Data shown START
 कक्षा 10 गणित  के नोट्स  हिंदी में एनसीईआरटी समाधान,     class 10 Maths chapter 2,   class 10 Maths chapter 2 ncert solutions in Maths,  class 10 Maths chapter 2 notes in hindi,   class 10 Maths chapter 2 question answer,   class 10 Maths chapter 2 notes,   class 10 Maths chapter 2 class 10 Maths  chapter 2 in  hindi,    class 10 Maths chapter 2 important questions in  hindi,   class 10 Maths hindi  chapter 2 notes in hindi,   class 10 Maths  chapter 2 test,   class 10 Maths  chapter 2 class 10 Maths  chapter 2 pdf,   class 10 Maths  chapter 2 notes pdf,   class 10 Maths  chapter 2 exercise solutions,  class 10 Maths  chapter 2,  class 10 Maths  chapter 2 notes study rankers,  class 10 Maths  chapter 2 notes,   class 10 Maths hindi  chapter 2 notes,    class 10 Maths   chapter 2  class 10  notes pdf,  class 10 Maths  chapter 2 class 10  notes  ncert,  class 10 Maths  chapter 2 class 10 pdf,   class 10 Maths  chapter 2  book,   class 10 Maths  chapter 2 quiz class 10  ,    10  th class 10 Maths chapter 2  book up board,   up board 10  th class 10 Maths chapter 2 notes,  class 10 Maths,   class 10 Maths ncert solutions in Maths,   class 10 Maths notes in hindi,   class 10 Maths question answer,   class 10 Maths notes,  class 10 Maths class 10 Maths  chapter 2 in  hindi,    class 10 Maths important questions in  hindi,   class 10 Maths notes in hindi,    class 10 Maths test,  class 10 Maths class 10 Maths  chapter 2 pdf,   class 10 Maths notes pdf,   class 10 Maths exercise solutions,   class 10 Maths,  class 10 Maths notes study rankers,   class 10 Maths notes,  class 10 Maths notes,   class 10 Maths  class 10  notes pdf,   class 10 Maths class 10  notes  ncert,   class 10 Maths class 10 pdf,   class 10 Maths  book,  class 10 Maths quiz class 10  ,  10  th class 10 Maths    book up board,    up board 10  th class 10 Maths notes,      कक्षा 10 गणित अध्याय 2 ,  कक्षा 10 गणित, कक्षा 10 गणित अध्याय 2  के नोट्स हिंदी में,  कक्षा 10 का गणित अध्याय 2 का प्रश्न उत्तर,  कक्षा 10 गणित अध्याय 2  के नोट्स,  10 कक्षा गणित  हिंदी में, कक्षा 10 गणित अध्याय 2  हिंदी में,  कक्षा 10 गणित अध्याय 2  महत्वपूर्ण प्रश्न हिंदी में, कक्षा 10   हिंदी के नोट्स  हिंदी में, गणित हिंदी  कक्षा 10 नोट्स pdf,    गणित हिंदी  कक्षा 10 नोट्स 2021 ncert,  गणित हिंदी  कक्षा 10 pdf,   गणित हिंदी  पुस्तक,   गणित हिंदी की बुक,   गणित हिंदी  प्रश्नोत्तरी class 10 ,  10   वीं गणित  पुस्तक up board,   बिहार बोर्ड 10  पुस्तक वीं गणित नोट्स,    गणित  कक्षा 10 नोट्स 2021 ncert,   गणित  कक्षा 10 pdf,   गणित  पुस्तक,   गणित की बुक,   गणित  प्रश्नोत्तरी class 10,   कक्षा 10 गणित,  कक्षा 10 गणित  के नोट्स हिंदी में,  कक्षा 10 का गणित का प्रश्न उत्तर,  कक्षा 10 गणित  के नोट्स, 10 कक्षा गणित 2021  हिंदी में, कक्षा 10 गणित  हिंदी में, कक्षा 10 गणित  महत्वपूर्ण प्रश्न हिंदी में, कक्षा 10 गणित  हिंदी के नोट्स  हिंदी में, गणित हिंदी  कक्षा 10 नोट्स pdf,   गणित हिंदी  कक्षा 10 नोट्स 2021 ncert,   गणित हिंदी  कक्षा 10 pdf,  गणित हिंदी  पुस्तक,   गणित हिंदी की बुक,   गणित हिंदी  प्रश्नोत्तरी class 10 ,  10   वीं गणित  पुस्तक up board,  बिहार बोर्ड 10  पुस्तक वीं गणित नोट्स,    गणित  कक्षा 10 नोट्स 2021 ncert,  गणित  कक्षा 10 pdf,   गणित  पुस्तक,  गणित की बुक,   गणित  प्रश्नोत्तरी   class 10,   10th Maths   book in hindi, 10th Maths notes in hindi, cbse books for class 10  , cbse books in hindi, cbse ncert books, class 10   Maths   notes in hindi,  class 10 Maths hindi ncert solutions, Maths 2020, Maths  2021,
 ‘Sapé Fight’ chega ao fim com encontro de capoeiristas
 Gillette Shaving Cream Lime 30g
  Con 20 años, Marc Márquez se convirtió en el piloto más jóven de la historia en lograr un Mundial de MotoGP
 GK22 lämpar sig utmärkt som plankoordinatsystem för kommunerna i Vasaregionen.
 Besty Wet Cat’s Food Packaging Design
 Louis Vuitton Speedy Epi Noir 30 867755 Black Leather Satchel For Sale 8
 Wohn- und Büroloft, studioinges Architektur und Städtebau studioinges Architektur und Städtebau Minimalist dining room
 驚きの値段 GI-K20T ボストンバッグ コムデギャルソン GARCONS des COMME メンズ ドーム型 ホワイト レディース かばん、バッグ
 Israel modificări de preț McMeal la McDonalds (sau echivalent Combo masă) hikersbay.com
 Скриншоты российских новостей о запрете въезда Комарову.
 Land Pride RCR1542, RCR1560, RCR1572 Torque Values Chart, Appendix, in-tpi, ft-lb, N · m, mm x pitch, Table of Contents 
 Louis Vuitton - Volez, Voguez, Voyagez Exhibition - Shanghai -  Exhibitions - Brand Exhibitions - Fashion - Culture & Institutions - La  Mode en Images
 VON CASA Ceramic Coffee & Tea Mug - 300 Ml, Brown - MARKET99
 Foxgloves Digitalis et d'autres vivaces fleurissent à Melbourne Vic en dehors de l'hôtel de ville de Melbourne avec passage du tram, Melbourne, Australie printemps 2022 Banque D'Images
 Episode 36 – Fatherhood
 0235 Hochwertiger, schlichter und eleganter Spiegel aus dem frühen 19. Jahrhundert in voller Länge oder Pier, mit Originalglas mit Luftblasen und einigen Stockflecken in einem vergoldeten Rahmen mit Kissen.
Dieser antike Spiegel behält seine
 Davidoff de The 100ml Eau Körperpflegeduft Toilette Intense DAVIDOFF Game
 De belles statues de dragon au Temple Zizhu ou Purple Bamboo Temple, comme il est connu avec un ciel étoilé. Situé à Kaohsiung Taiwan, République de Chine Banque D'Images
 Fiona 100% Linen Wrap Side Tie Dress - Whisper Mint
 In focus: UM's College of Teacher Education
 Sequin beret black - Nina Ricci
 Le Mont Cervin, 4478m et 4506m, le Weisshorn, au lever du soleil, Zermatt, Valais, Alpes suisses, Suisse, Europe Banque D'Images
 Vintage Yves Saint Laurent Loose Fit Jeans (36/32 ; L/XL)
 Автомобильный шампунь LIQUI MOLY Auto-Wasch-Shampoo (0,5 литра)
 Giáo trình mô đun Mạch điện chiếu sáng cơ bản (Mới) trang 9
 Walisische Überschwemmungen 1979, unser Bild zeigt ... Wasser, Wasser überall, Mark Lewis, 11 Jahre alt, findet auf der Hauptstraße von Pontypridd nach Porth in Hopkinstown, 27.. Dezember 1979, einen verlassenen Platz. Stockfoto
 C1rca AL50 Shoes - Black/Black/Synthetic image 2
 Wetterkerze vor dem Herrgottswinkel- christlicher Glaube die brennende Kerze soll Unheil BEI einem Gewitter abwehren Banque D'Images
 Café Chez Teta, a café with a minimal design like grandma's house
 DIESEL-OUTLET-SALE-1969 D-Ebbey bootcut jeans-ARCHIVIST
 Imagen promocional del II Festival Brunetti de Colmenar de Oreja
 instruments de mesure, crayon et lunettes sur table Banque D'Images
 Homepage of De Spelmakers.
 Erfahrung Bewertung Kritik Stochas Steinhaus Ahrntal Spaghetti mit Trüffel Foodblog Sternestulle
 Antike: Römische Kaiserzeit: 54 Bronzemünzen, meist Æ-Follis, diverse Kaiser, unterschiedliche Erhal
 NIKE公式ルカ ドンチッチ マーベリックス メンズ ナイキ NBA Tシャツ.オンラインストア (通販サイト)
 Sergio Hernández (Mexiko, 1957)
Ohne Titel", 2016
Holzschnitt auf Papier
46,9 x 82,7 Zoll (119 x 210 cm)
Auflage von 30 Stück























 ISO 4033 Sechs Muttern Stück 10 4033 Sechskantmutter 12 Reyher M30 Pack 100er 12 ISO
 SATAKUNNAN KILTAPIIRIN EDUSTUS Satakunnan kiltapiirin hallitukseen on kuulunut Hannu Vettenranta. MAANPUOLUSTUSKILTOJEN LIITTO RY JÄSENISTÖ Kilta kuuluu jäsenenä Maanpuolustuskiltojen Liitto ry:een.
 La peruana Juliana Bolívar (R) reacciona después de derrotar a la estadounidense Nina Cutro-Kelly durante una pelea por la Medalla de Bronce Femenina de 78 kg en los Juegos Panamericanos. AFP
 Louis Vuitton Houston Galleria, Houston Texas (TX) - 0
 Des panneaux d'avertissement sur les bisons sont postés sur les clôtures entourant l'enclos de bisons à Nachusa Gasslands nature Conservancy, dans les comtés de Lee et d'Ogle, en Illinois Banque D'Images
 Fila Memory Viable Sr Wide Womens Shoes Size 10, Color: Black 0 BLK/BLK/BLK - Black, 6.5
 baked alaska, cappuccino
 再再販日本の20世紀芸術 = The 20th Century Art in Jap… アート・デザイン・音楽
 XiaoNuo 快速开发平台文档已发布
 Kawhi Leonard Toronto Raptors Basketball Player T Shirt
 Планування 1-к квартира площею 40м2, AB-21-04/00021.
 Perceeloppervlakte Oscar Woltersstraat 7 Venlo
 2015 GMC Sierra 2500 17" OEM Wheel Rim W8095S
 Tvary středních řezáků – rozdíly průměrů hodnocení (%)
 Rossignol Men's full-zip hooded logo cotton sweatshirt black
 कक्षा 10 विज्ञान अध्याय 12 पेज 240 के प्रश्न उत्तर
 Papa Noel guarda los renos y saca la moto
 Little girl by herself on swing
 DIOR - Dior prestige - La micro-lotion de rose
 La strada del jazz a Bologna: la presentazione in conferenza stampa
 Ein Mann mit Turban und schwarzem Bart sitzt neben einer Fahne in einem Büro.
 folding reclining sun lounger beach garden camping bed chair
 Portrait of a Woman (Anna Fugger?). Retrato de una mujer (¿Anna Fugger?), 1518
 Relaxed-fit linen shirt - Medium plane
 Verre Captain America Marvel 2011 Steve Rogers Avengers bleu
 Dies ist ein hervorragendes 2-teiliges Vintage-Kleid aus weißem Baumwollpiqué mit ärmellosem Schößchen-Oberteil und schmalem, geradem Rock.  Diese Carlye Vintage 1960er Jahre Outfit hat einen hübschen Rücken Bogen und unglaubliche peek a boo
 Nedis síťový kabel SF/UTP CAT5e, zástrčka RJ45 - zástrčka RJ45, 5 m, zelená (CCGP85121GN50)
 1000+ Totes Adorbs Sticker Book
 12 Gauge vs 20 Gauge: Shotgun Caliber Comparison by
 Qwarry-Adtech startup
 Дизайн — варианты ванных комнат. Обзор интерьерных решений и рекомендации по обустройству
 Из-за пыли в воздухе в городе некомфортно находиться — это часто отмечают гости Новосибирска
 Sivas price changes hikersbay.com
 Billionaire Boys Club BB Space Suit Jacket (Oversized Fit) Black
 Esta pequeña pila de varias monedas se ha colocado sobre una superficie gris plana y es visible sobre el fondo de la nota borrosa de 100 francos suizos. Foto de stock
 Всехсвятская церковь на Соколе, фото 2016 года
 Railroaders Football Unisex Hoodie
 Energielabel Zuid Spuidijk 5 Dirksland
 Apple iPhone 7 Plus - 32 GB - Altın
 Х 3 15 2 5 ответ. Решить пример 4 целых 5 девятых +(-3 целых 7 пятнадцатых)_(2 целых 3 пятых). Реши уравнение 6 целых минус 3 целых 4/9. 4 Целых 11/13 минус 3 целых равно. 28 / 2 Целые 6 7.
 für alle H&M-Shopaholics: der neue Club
Data shown END
▶ [Task]: Using the records above, set down exactly the lines from the one with "Billionaire Boys Club" through the one with "Apple iPhone 7 Plus - 32 GB - Altın", inclusive, and nothing more.

▶ [Your solution]:
 Billionaire Boys Club BB Space Suit Jacket (Oversized Fit) Black
 Esta pequeña pila de varias monedas se ha colocado sobre una superficie gris plana y es visible sobre el fondo de la nota borrosa de 100 francos suizos. Foto de stock
 Всехсвятская церковь на Соколе, фото 2016 года
 Railroaders Football Unisex Hoodie
 Energielabel Zuid Spuidijk 5 Dirksland
 Apple iPhone 7 Plus - 32 GB - Altın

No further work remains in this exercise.